Closed spacegoing closed 1 year ago

spacegoing commented 1 year ago

Hi nkaz001,

Many thanks for this awesome project!

Quick question, my orderbook data is too large to fit in memory, therefore I need to chunk one single file to multiple chunked files.

The problem is that the result is different between reading a single file and reading multiple chunk files.

The way I test is that I first created a single file example btcusdt_20230405.npz using the file btcusdt_20230405.dat.gz by convert() as documented. And then I split that file into 7 subfiles. I then running these two experiments by changing hbt's input like this:

image

Left is reading chunked files, Right is reading single file.

However, the backtest results are different: Single File Result:

image

Chunked File Result:

image

One possible reason is that, I did some research and find it really weird that from the 1324th environment step (elapse step), the current_timestamp between chunked hbt and single hbt become different:

image

I double checked the underlying data, they are identical.

I have two questions:

  1. Could you please think about the reason for this difference?
  2. What is the best practice for loading huge orderbook dataset?

My email is spacegoing@gmail.com. I am more than happy to have a quick chat with you to help u replay this issue.

Many thanks!

nkaz001 commented 1 year ago

Can you please inform me about the specific indexes used to divide the data so I try replicating the issue? Also, minor differences may happen if data is split and feed latency model is used due to the feed latency model's limitations; it cannot search the subsequent or preceding data chunks while attempting to find available feed latency. But, I'm not sure if this is the case.

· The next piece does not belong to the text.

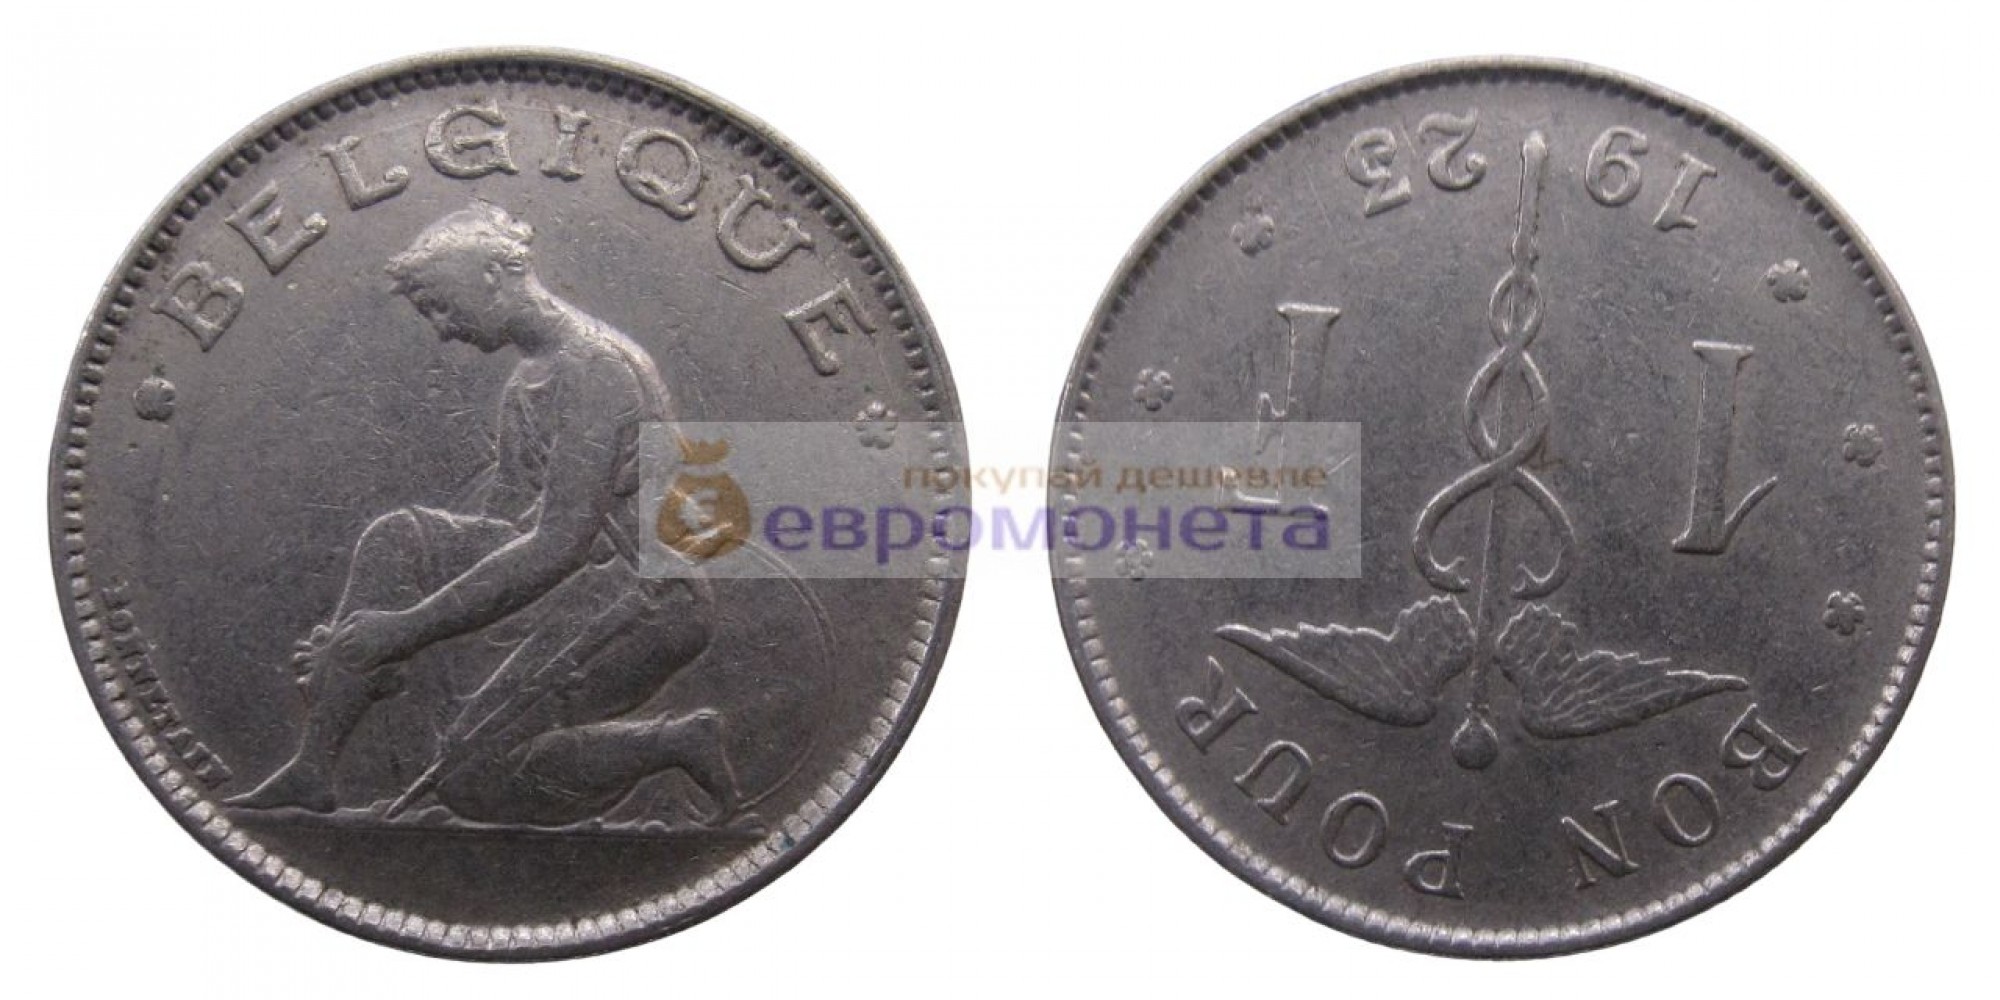 Бельгия 1 франк 1923 год. Король Альберт I. Надпись на французском - 'BELGIQUE'

Regarding handling large datasets, having ample memory is the most effective approach. Like you, I utilize chunking and have implemented lazy loading. However, it would be better if you have sufficient memory to load, at least, the entire day's data in one go.

spacegoing commented 1 year ago

Hi nkaz, many thanks for your reply!

I have uploaded my scripts and data here: https://github.com/spacegoing/hbt/tree/master/examples

btcusdt_20230404_eod.npz and btcusdt_20230405.npz are generated from documentation scripts.

I then use save_chunks_npz.py to save btcusdt_20230405.npz as 2MB large chunked files in the folder test_chunks. I double checked that chunked files are identical to original file.

I then use learn_pmm.py to test both single file and chunked file cases. And there are some test code under main.

Please let me know if there is anything else I can provide. Many thanks!

spacegoing commented 1 year ago

I tried with ConstantLatency and RiskAverseQueueModel, everything works as expected. Many thanks nkaz!